# Audiocontrol 2XS



## tinctorus (Oct 5, 2009)

I did a search but didnt really come up with a ton of info on this unit.

I recently got this unit in trade and was wondering everyones thoughts on it, I mainly wanted it to Crossover my mid bass speakers and liked the idea that it comes with a 90hz module installed but can easily be changed with something as simple as a little math and 6 resistors

Basically just want your guy's thoughts on this piece if you have any experience with it please

Thanks all
Tinctorus


----------



## Candisa (Sep 15, 2007)

tinctorus said:


> I did a search but didnt really come up with a ton of info on this unit.
> 
> I recently got this unit in trade and was wondering everyones thoughts on it, I mainly wanted it *to EQ my mid bass* speakers and liked the idea that it comes with a 90hz module installed but can easily be changed with something as simple as a little math and 6 resistors
> 
> ...


I don't know what you think a 2XS is, but it is *not* an equalizer, it's just a 2-way active crossover with subsonic, nothing more or less than that!


----------



## tinctorus (Oct 5, 2009)

Candisa said:


> I don't know what you think a 2XS is, but it is *not* an equalizer, it's just a 2-way active crossover with subsonic, nothing more or less than that!

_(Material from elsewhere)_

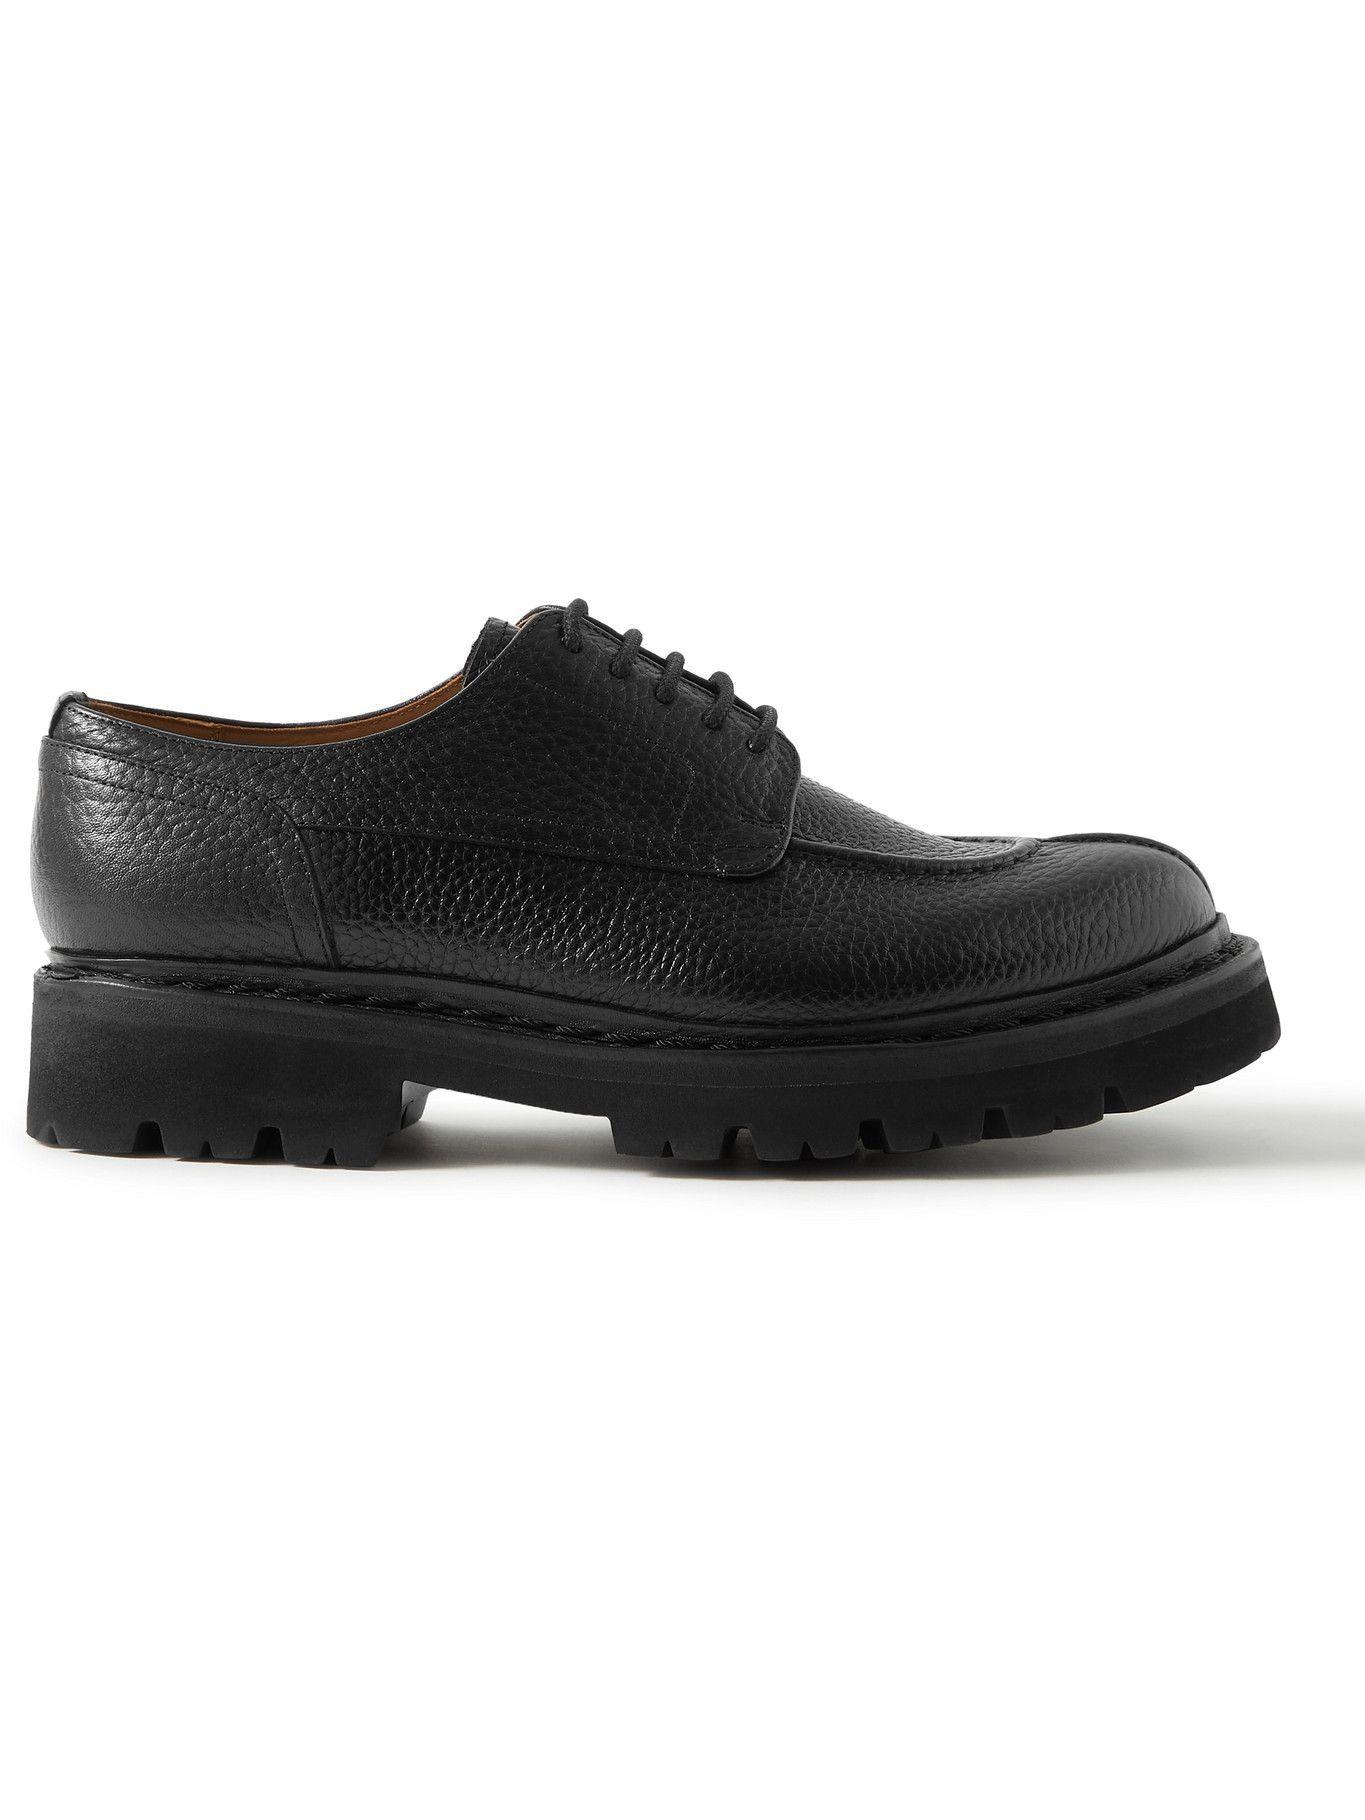 Photo: Grenson - Joel Full-Grain Leather Derby Shoes - Black

Yeah I realized after I posted that I said EQ but meant crossover...Sorry

Either way I think it may work for what I need it to do


----------



## Candisa (Sep 15, 2007)

Basically, it's a bandpass crossover and a high-pass crossover. AudioControl crossovers have 1 downside (I have an EQX and a 4XS myself): you can't create gaps or overlaps since there's 1 module for both the low-pass of the bandpass crossover and the high-pass.
I solve this by using frequencies that I also have on my equalizer, so I can cut to create a gap or boost to create overlap.


----------